20101021

Better than refrigerator list? Antidotes for Crazy Busy Gemmelsmerch

Have you found one or two ways to cope better with your Crazy Busy life?  If so, you should have an extra couple minutes to add a comment to this posting below! 
[If you can, join us online Oct 22 2pm Eastern - click for more info, free registration.]
We're looking for very specific steps that REALLY work for YOU and that might work for some of your colleagues or friends. Something many of us could do within the next week.

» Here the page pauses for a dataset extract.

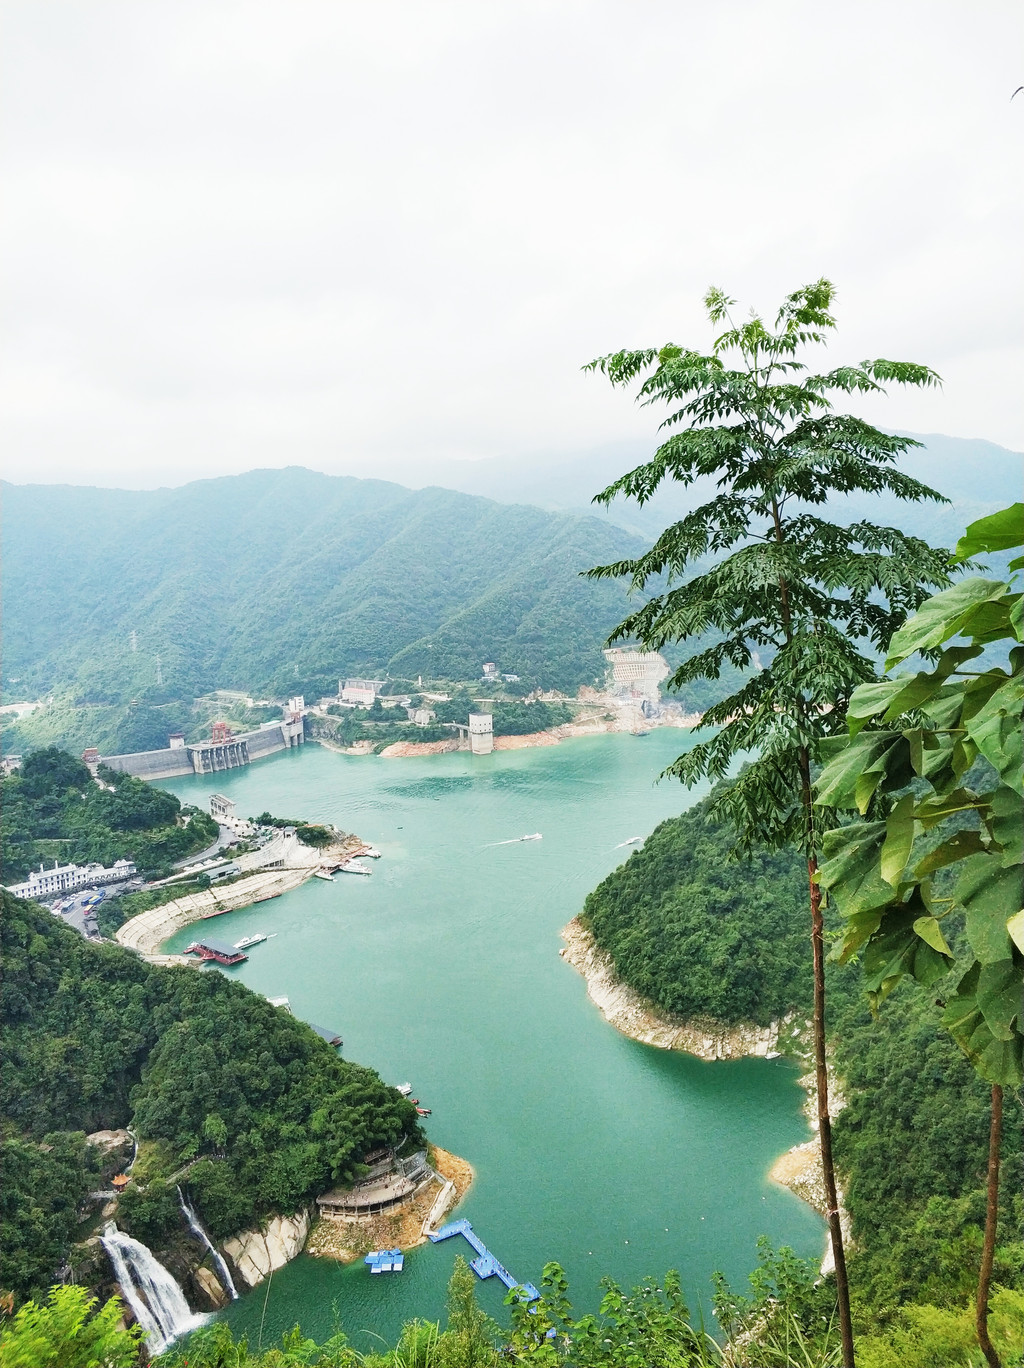 长沙周边旅游攻略:周末游小东江
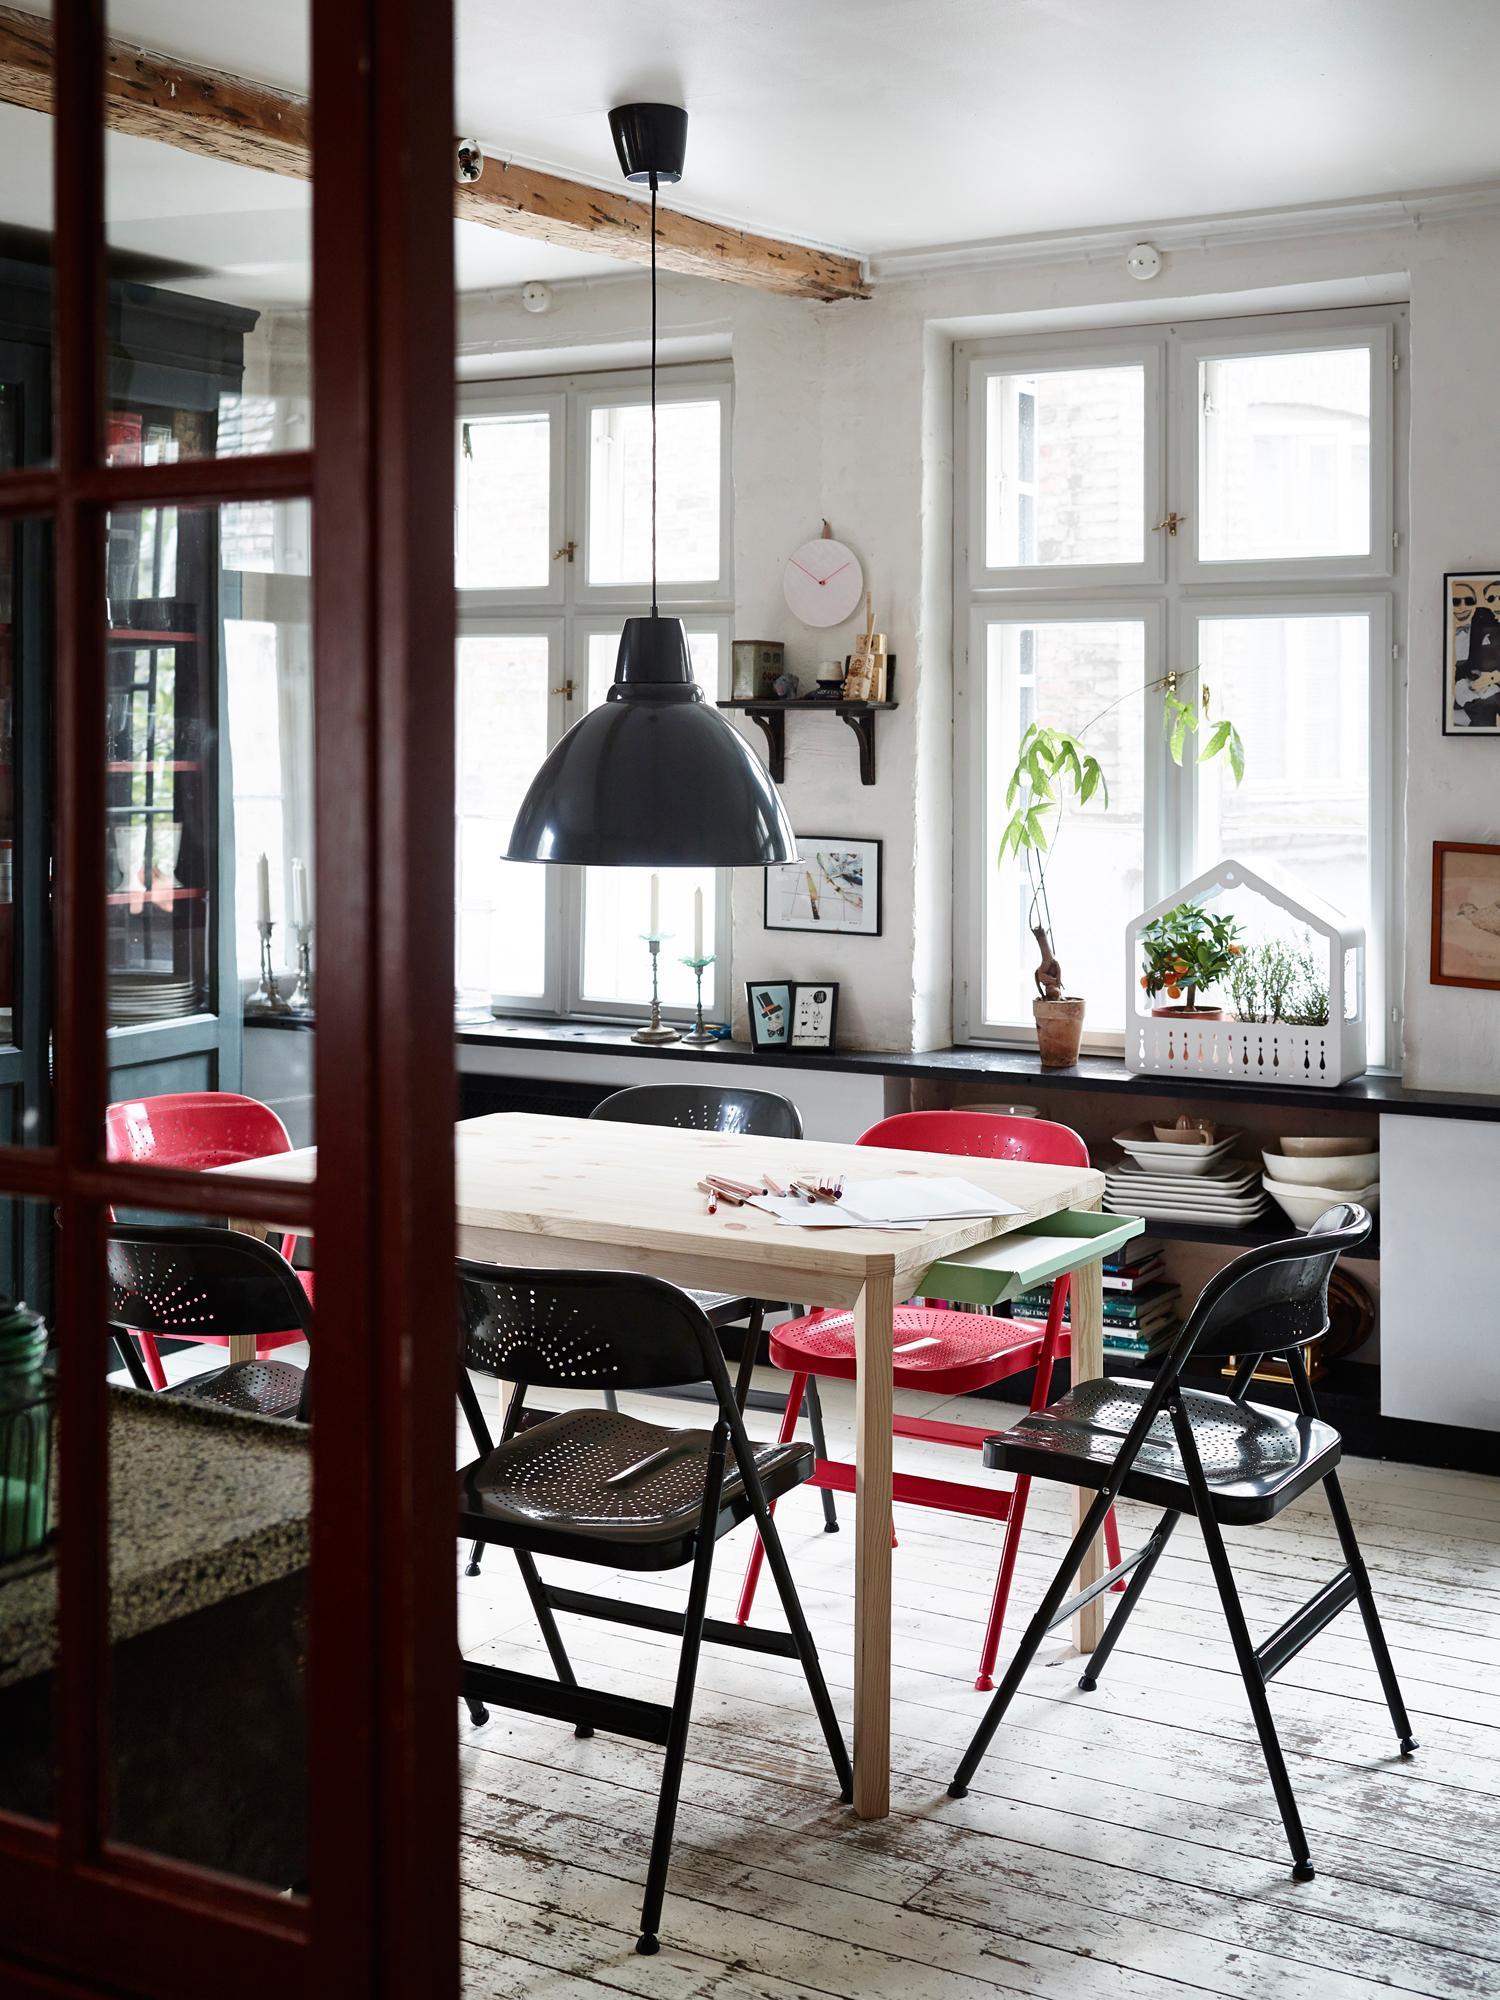 Schön Klappstühle Fürs Esszimmer #ikea #klappstuhl #esszimmerstuhl ©Inter IKEA  Systems B.V.

For some people, posting a new list of goals on the refrigerator really works.  But for others - like me - posting the list is yet another way of fooling ourselves into believing we've solved the problem before we take the first real step! The newest list soon gets lost among the others.
So, in a comment below, please describe one or two of your favorites that REALLY work for you. Something beyond a refrigerator list.  Something you've gotten from Hallowell's book CrazyBusy: overstretched, overbooked, and about to snap! : strategies for handling your fast-paced life or brief interview of Hallowell about Crazy Busy, elsewhere.   
For a good prompt, see "Identify and control the sources of gemmelsmerch in your environment.  Gemmelsmerch, the force that distracts a person from what he or she wants or ought to be doing, is as pervasive and powerful as gravity."  This is Item #6,  which includes over 20 suggestions, in Hallowell's Chapter 28  "Ten Key Principles to Managing Modern Life."  
Here's another example excerpted from Hallowell's blog "Tips for the Crazy Busy":

excerpt copied Oct 21, 2010:
 "...put...  computer on a table behind her.  Now, in order to do email, she has to swivel around in her chair.  This means that she much [sic] make a conscious decision to do so, instead of just mindlessly clicking on her email."
Thanks,
Steve

20101020

You don't have time for this! Or anything else! ...but...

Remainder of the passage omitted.